Through experiments, we found that the origin of the world coordinate system is located at the center point (400, 400) in the pixel coordinates of both cameras. This verifies that our coordinate projection is correct~

Ray projection experiment
With the two matrices intri and extri, we can also emit rays from pixel coordinates to world coordinates, as shown in the figure:

A ray can be determined by connecting the optical center to a specific pixel. Our experiment is to verify that sampling points on the same ray will also be projected at the same point when projected back to pixel coordinates.

import numpy as np
import torch


def get_rays(h, w, K, c2w):
    i, j = torch.meshgrid(torch.linspace(0, w - 1, w),
                          torch.linspace(0, h - 1, h))
    # pytorch's meshgrid has indexing='ij'

    i = i.t()
    j = j.t()

    #directions
    dirs = torch.stack([(i - K[0][2]) / K[0][0],
                        -(j - K[1][2]) / K[1][1],
                        -torch.ones_like(i)],
                        -1)

    #cameratoworld
    # Rotate ray directions from camera frame to the world frame
    # rays_d = torch.sum(dirs[..., np.newaxis, :] * c2w[:3, :3], -1)
    rays_d = torch.sum(dirs[..., None, :] * c2w[:3, :3], -1)
    # dot product, equals to: [c2w.dot(dir) for dir in dirs]

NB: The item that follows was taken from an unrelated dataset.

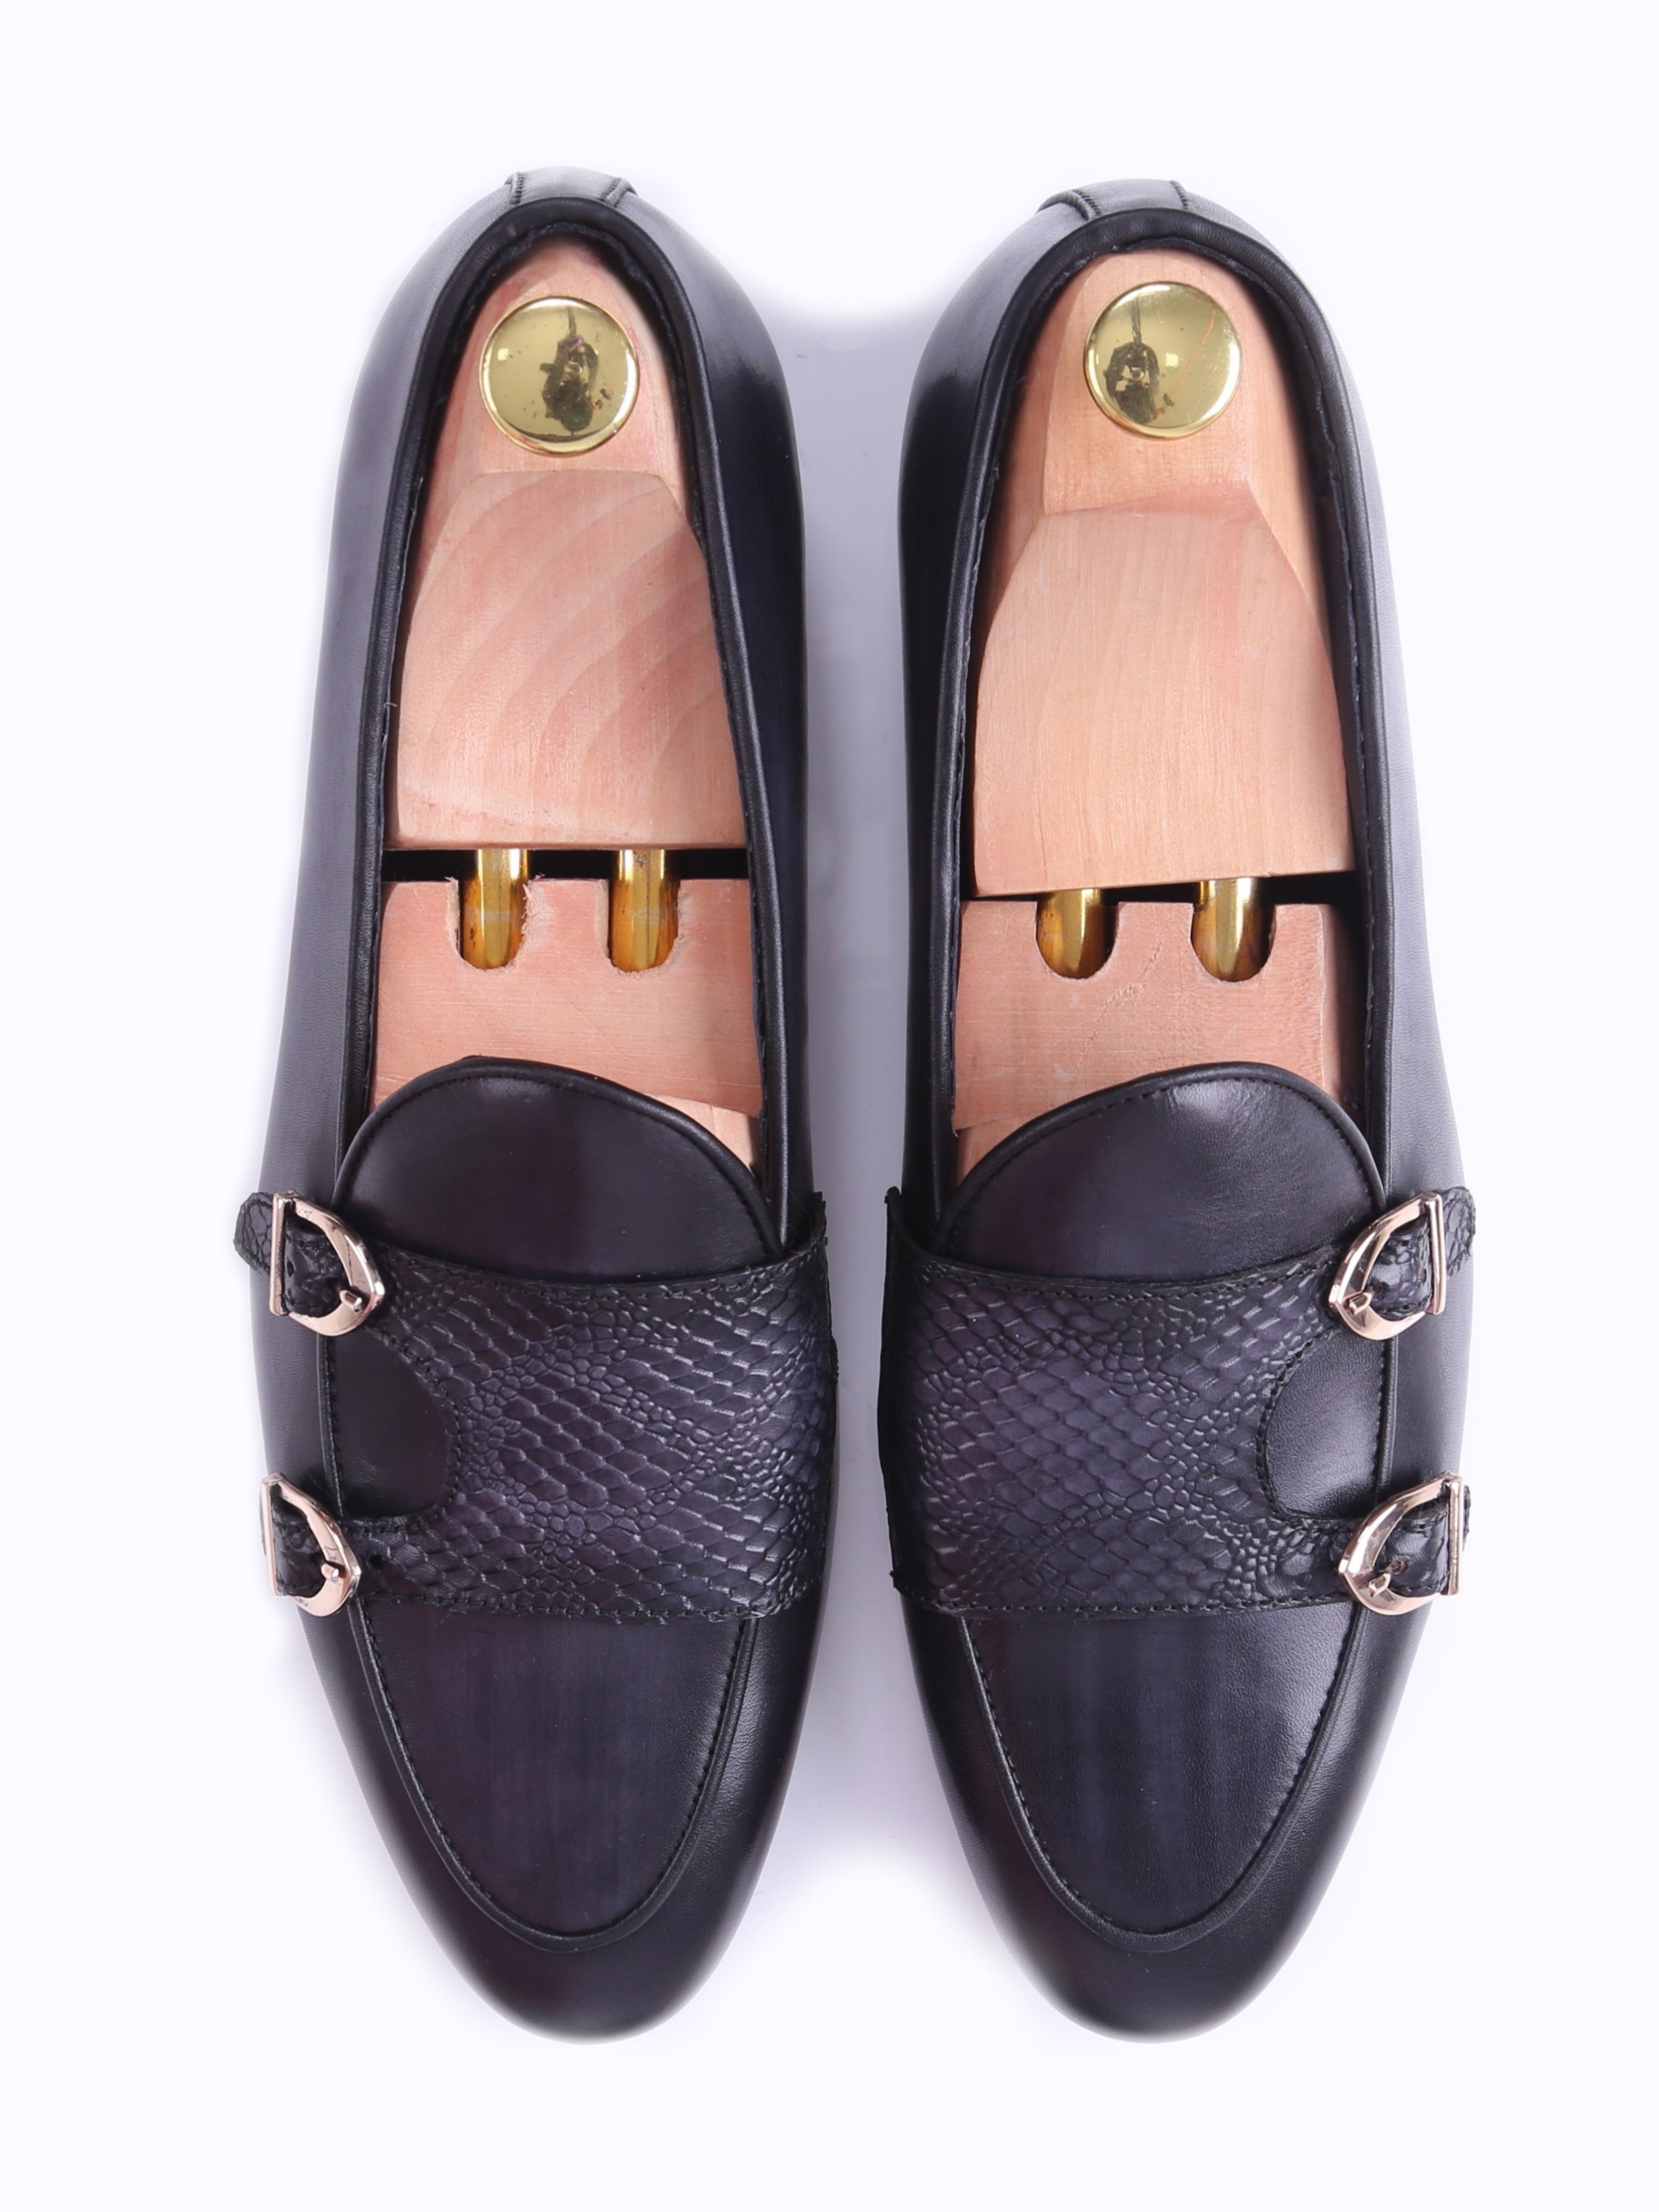 Belgian Loafer - Black Grey Snake Skin Double Monk Strap (Hand Painted Patina) - Zeve Shoes
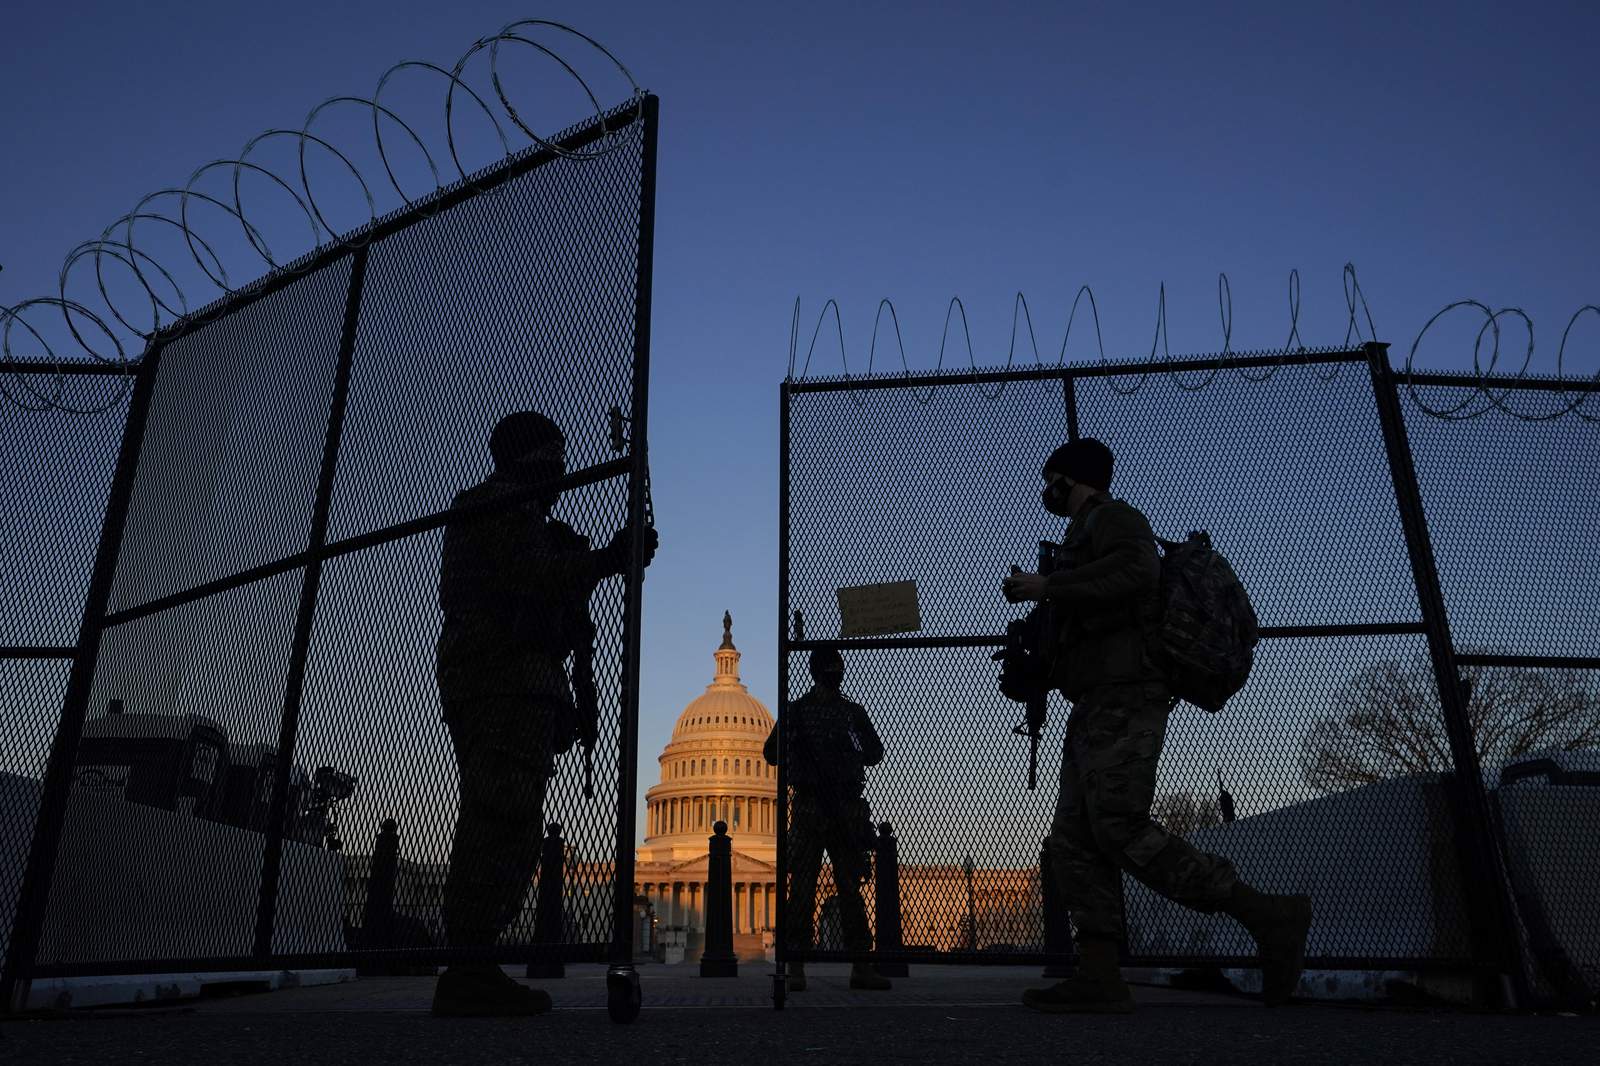 Security officials to scale back fencing around US Capitol

    # Translate camera frame's origin to the world frame. It is the origin of all rays.
    rays_o = c2w[:3, -1].expand(rays_d.shape)

    return rays_o, rays_d

def _main():
    intri = [[1111.0, 0.0, 400.0],
         [0.0, 1111.0, 400.0],
         [0.0, 0.0, 1.0]]
    extri = np.array(
        [[-9.9990e-01, 4.1922e-03, -1.3346e-02, -5.3798e-02],
        [-1.3989e-02, -2.9966e-01, 9.5394e-01, 3.8455e + 00],
        [-4.6566e-10, 9.5404e-01, 2.9969e-01, 1.2081e + 00],
        [0.0, 0.0, 0.0, 1.0]])
    h, w = 800, 800
    rays_o, rays_d = get_rays(h, w, K, pose) # all rays
    # rays_o means origins, rays_d means directions
    
    ray_o = rays_o[400][400] # choose (400, 400)th rays
    ray_d = rays_d[400][400] # choose (400, 400)th rays
    
    z_vals = [2., 6.] # pick 2 z-values
    pts = ray_o[..., None, :] + ray_d[..., None, :] * z_vals[..., :, None] # sampling 2 points from the ray
    print(pts)
    ct = CamTrans(intri, extri)
    print(ct.world2screen(pts[0]))
    print(ct.world2screen(pts[1]))
    # [399.99682432604334, 400.010187052666]
    # [399.99608371858295, 399.992518381194]

Through experiments, it was found that sampling points on the same ray will back-project the same two-dimensional point.